I get it. Not every dog is easy. There are some out there that are harder than others but in general when youre doing things right things progress pretty quickly. It is tough to want to make a hail mary for a dog like this when its gone after you and attacked you even though youre caring for him and feeding him, and it just seems like the animal is a bad seed or ungrateful, but chances are the OP created the behaviors hes seeing now without realizing it, or at least magnified them through practice. The problem with most dogs is the human at the other end of the leash.


----------



## Baillif (Jun 26, 2013)

Really the reason I am not afraid of aggression cases like this is because I am armed with knowledge about the nature of the animal itself. I know why they do what they do. I can see them about to react way before they go there. I can set up situations to ensure my own safety while working with the animal. I know how to stop them from doing the things I don't want them doing and do what I would rather see them do instead. I've seen dogs the size of a Pomeranian hold an entire family hostage in fear in their own home. Would never happen if people knew how to handle the animal.


----------



## Jenny720 (Nov 21, 2014)

Sounds like Baillif is the way to go to get the answers you need. It would be worth the trip. Wish you the best of luck.


----------



## Muskeg (Jun 15, 2012)

OP, please do contact Bailiff, and either bring your dog to him or someone he recommends. I strongly feel your money is better spent seeing an experienced skilled trainer than on vet bills.


----------



## Slamdunc (Dec 6, 2007)

MarkJoel,
You could reach out to Shallow Creek Kennels. They are outside of Pittsburgh, so not too far from you.
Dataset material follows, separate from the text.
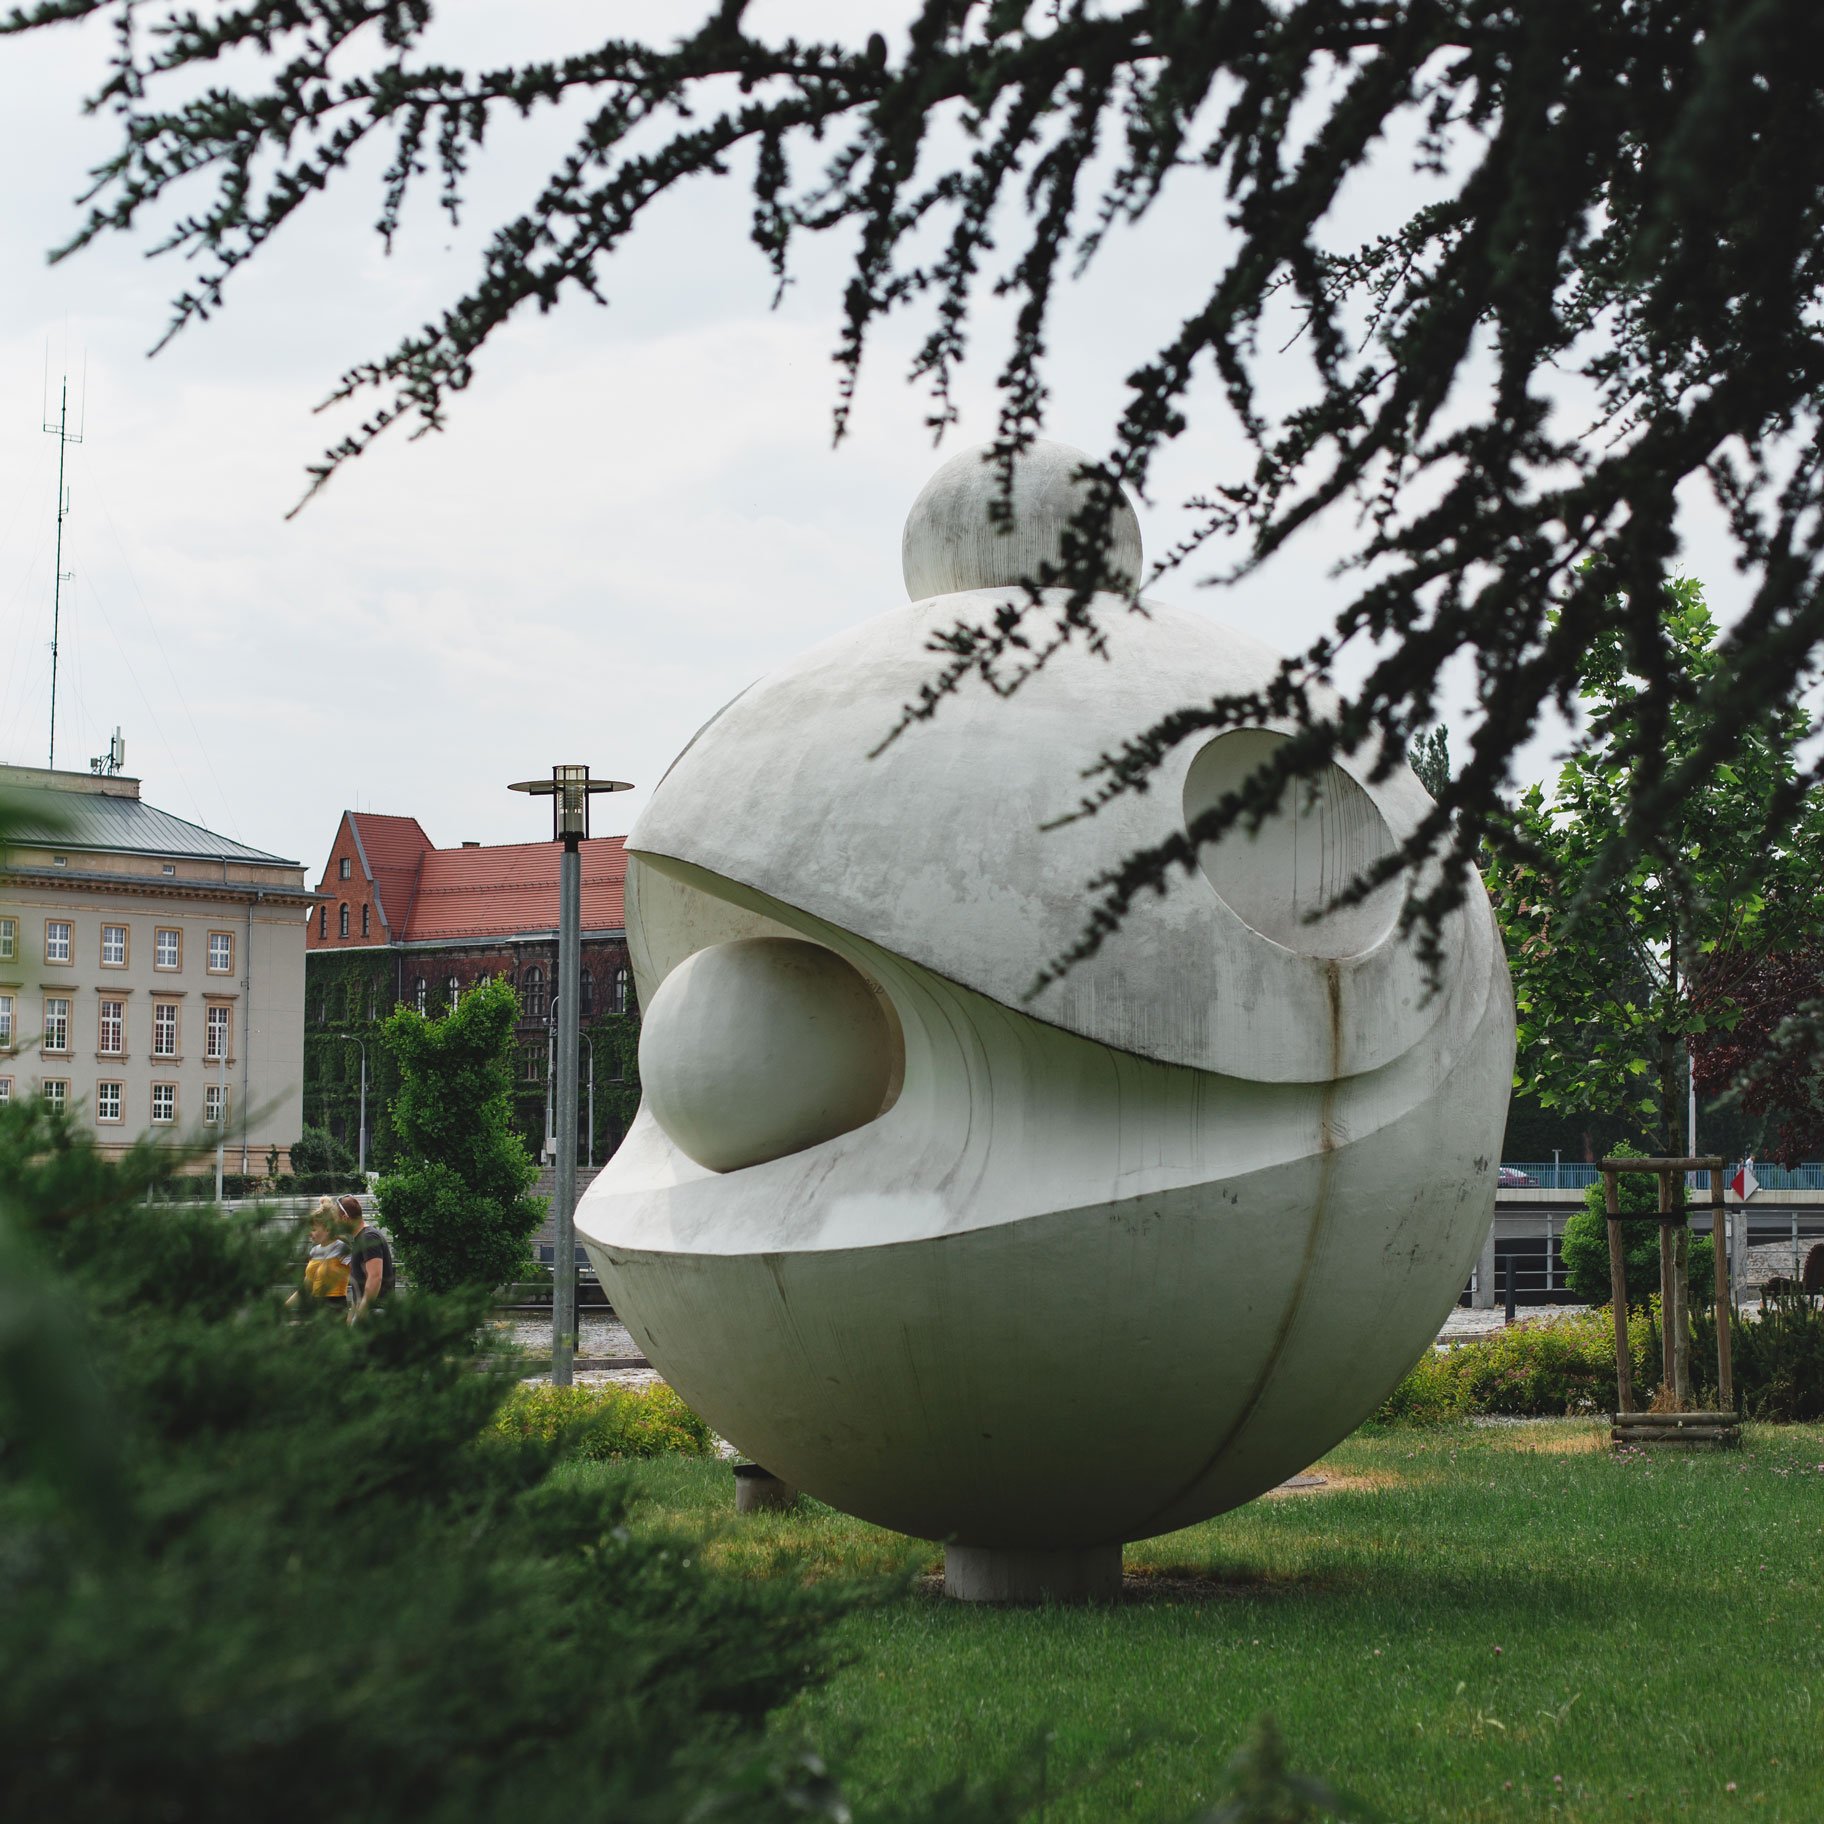 Na zdjęciu widać kamienną rzeźbę przedstawiająca model atomu, w tle widać budynki Muzeum Narodowego oraz Urzędu Wojewódzkiego. Na pierwszym planie widać rozmazane krzewy.
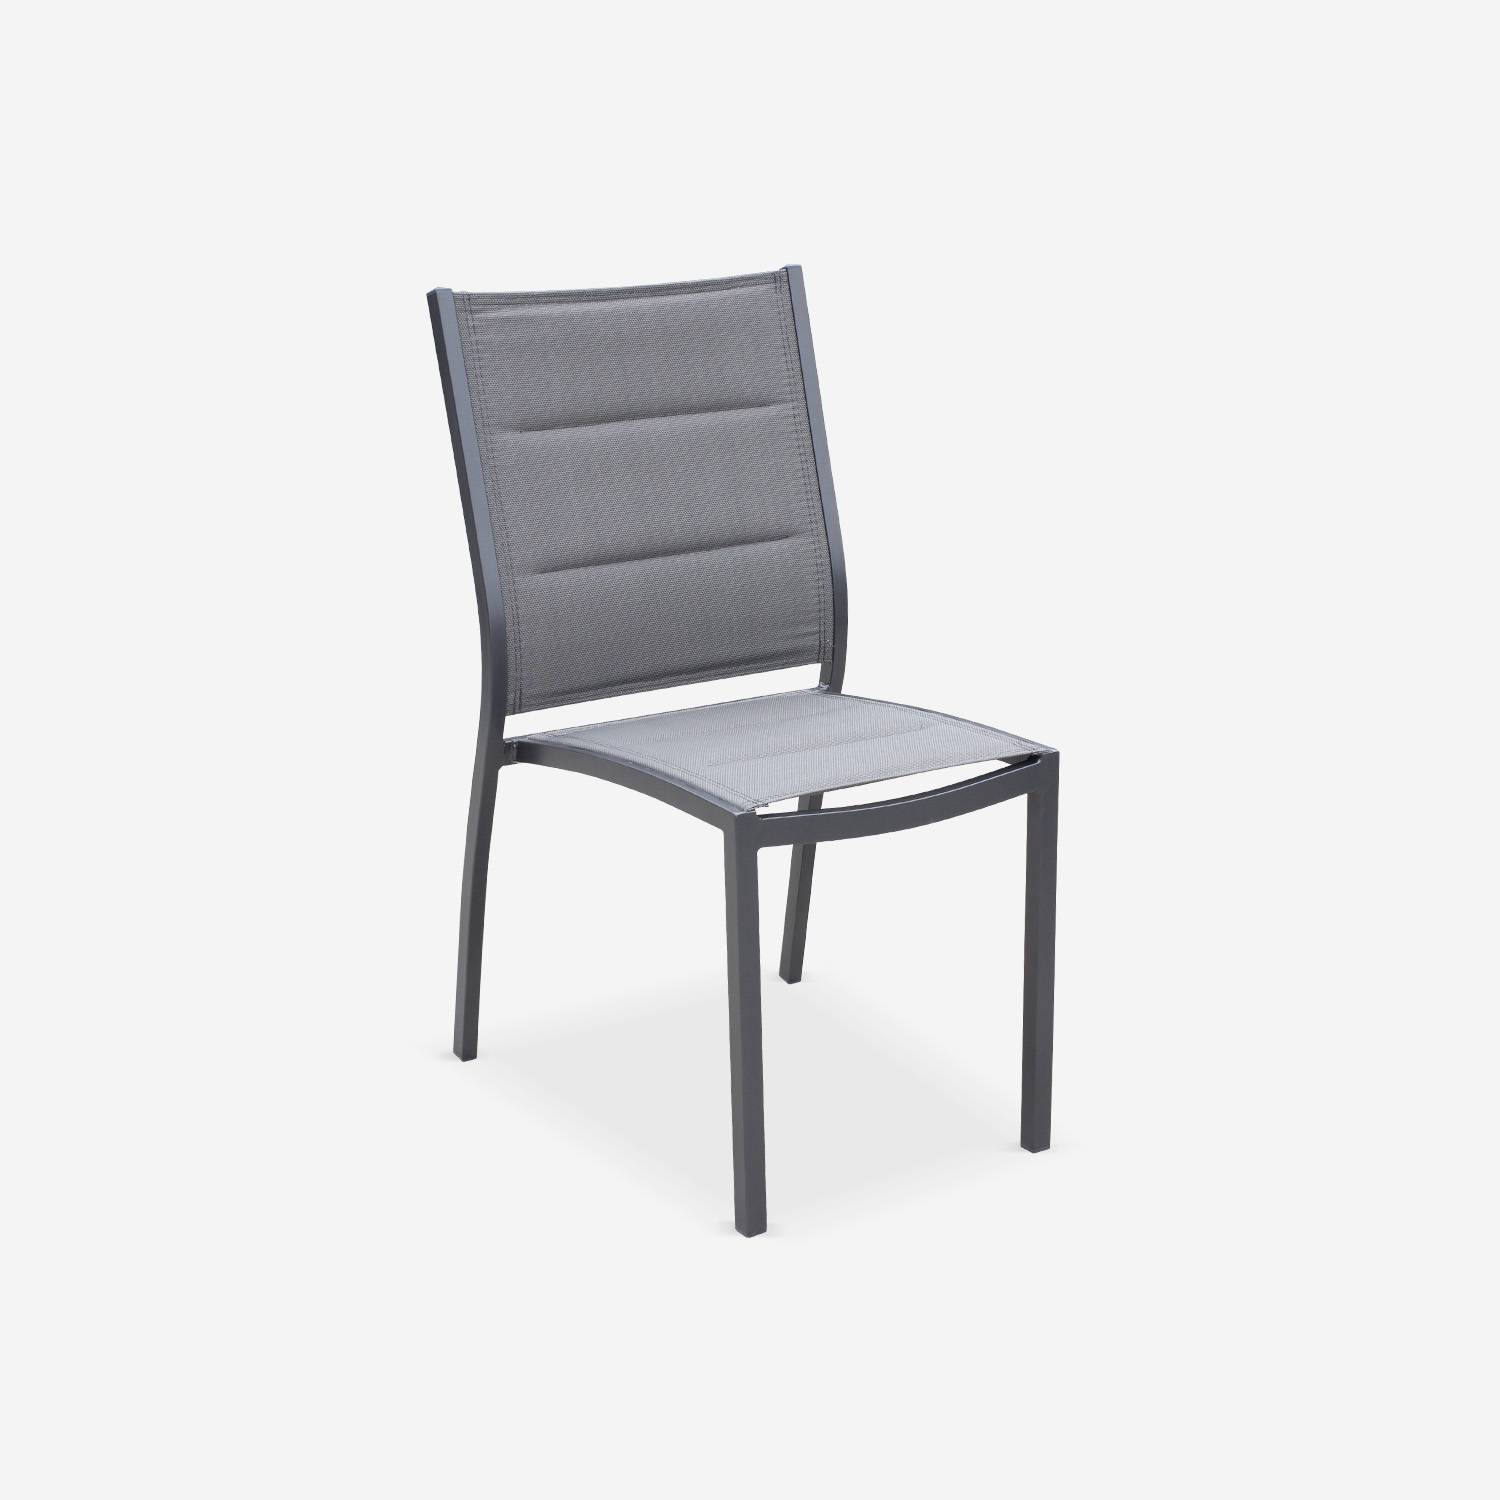 Conjunto de 2 sillas - Chicago / Odenton Antracita - En aluminio antracita y textilene gris oscuro, apilable Photo2

They have experience with aggressive dogs. They supply dogs to LE the Military. If nothing else they could evaluate your dog and point you in the right direction.


----------



## wolfstraum (May 2, 2003)

Shallow creek imports trained and semi trained dogs from Europe for resale - it is near New Castle.....I suggested a vet apx 45 miles and that seemed to be viewed as a long trip - New Castle is another 40....I think the OP will sign over the dog to someone who would work through the issues and not want him back from posts here 

So many people in this area seem reluctant to go more than 10 -15 miles from home for ANYTHING - not just dog people - this is not the most well laid out city/geographical area - but it is really strange how people seem to think 30-50 miles is the other end of the world.



Lee


----------



## MineAreWorkingline (May 2, 2015)

wolfstraum said:


> Shallow creek imports trained and semi trained dogs from Europe for resale - it is near New Castle.....I suggested a vet apx 45 miles and that seemed to be viewed as a long trip - New Castle is another 40....I think the OP will sign over the dog to someone who would work through the issues and not want him back from posts here
> 
> So many people in this area seem reluctant to go more than 10 -15 miles from home for ANYTHING - not just dog people - this is not the most well laid out city/geographical area - but it is really strange how people seem to think 30-50 miles is the other end of the world.
> 
> ...


I hope you are right, I get the feeling that it will be OP's way or no way and that does not bode well for Ninja.


----------



## Sabis mom (Mar 20, 2014)

MineAreWorkingline said:


> I hope you are right, I get the feeling that it will be OP's way or no way and that does not bode well for Ninja.


 
That makes me sad.


----------



## MarkJoel60 (Aug 29, 2012)

wolfstraum said:


> Shallow creek imports trained and semi trained dogs from Europe for resale - it is near New Castle.....I suggested a vet apx 45 miles and that seemed to be viewed as a long trip - New Castle is another 40....I think the OP will sign over the dog to someone who would work through the issues and not want him back from posts here


Wow, Lee. I sure did not expect that. 

First off, Cranberry is a little over an hour from me -- just to the turnpike exit, no telling how far to the vets. Secondly, if you knew how car rides jacked him up, you'd understand why I would want to keep travel to a minimum. Third, I said that if the current vet -- who works with Police K-9s and high drive dogs and who is only 20 minutes from me -- doesn't work out, I'd have to consider the Cranberry option.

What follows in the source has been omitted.